__Try it__
Transcribe the listing that follows in full, exactly, and drop its images.

__Provided material__
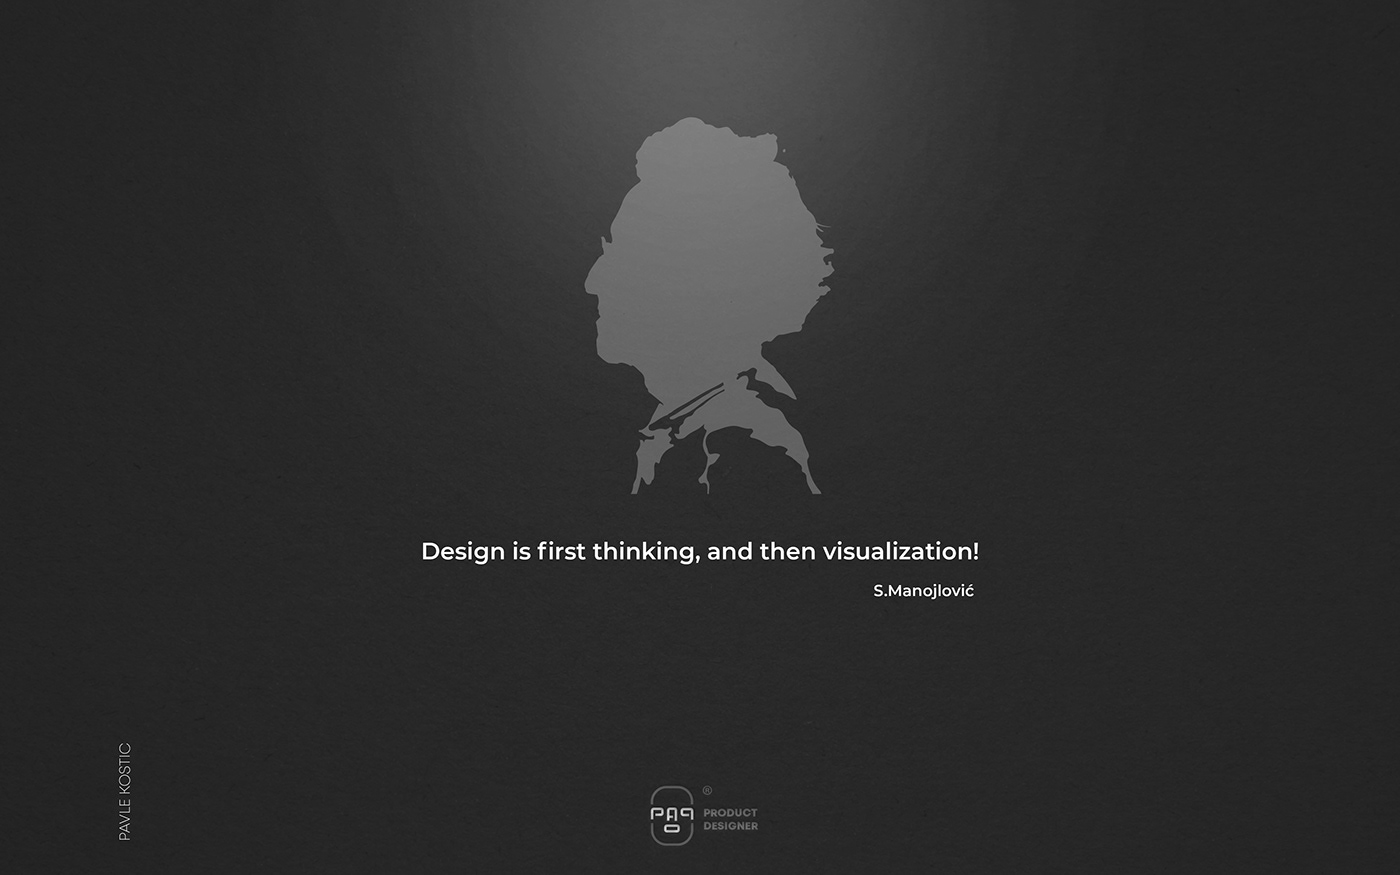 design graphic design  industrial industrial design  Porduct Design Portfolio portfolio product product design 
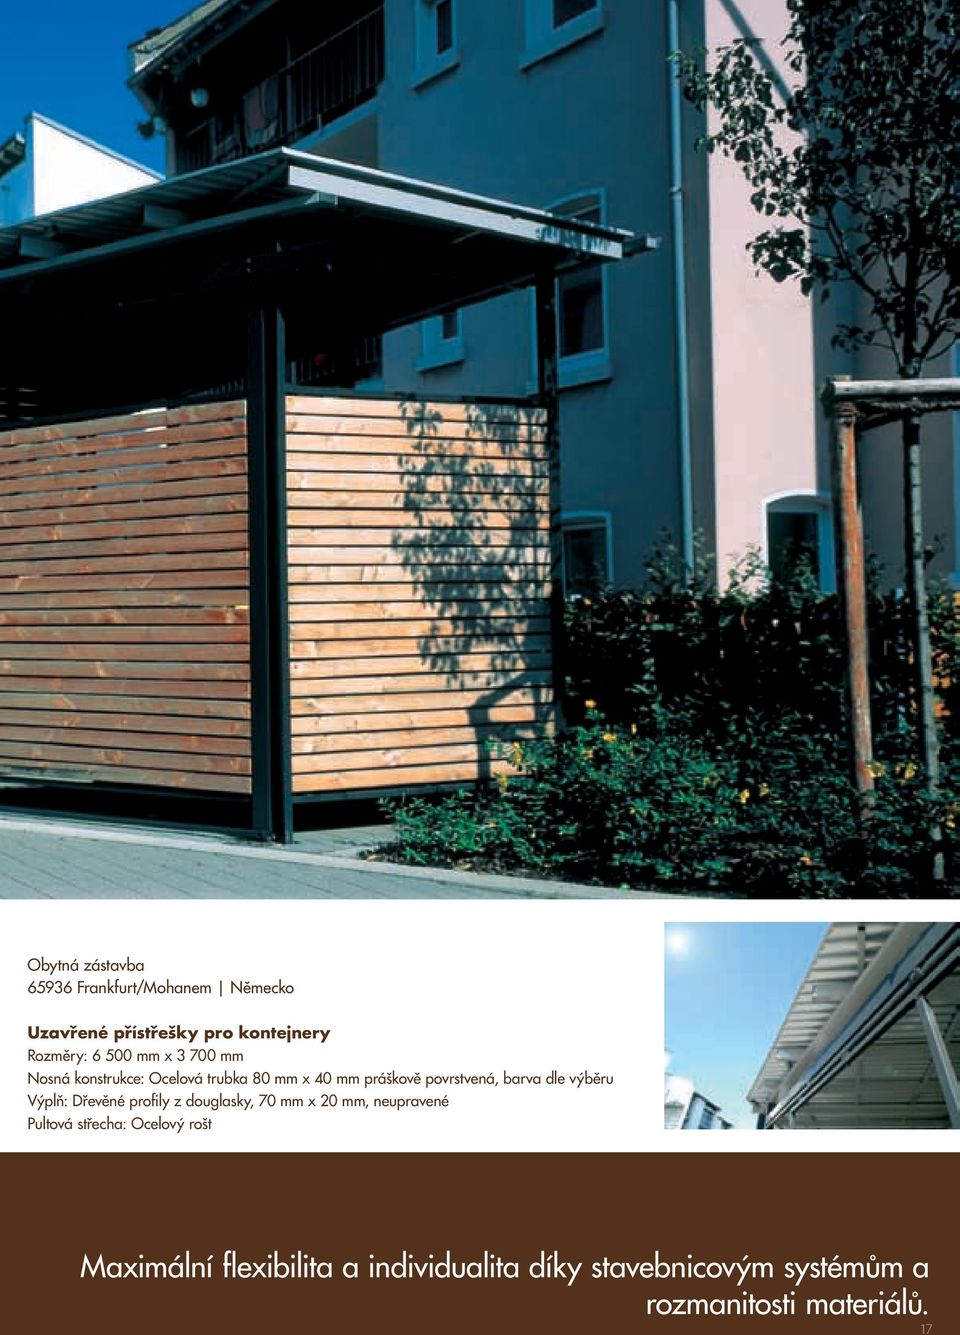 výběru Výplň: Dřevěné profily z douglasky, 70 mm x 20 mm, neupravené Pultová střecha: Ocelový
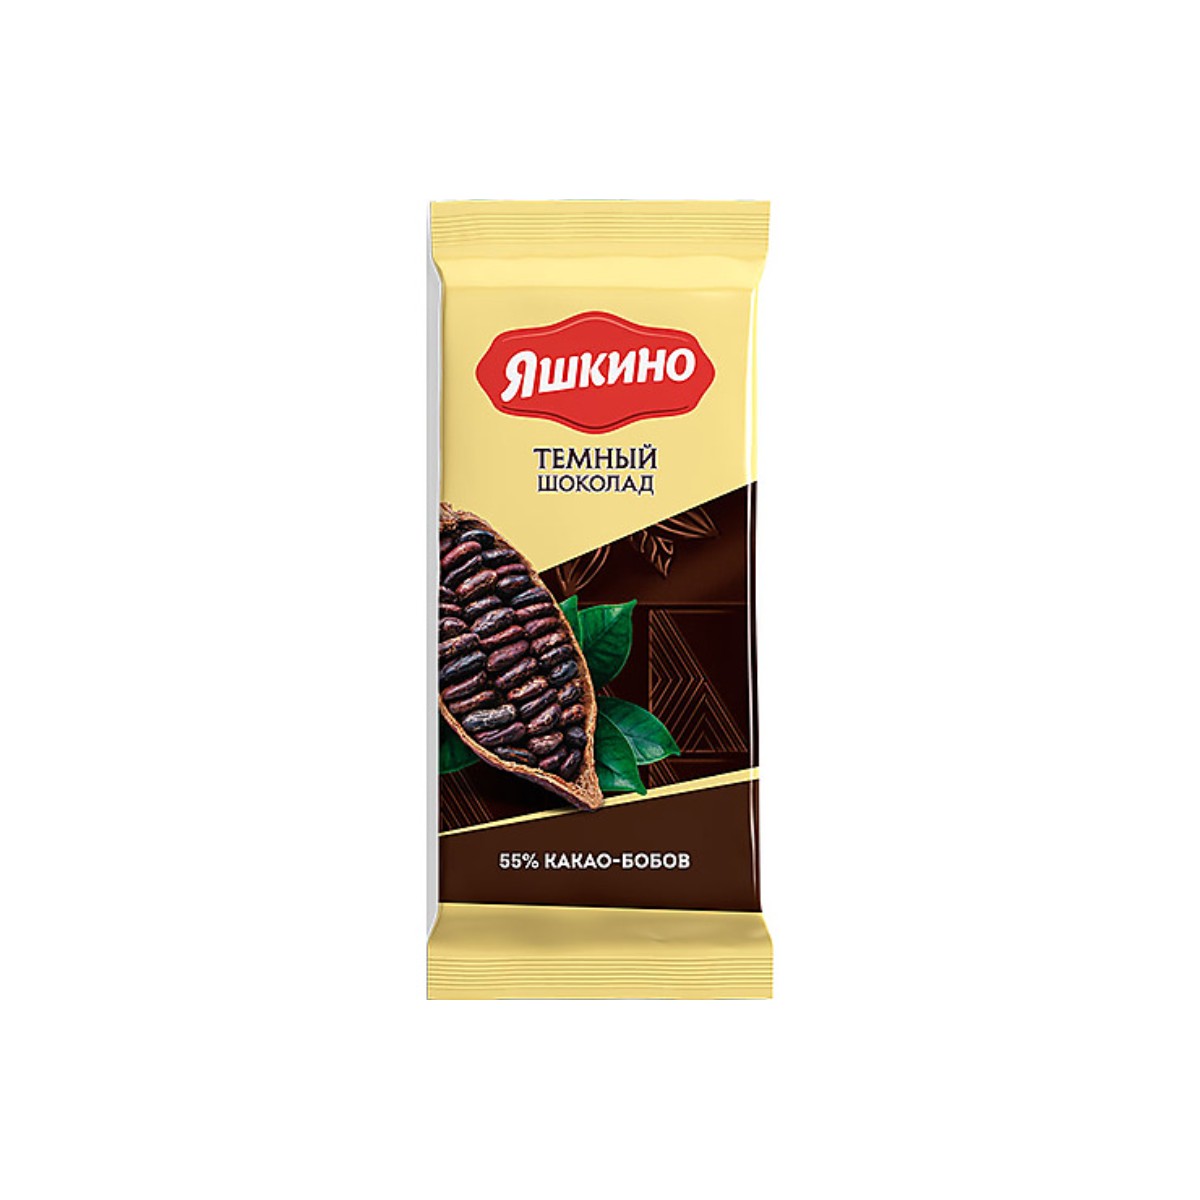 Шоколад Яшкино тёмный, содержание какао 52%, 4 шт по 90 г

__Result__
 design graphic design  industrial industrial design  Porduct Design Portfolio portfolio product product design 
 výběru Výplň: Dřevěné profily z douglasky, 70 mm x 20 mm, neupravené Pultová střecha: Ocelový
 Шоколад Яшкино тёмный, содержание какао 52%, 4 шт по 90 г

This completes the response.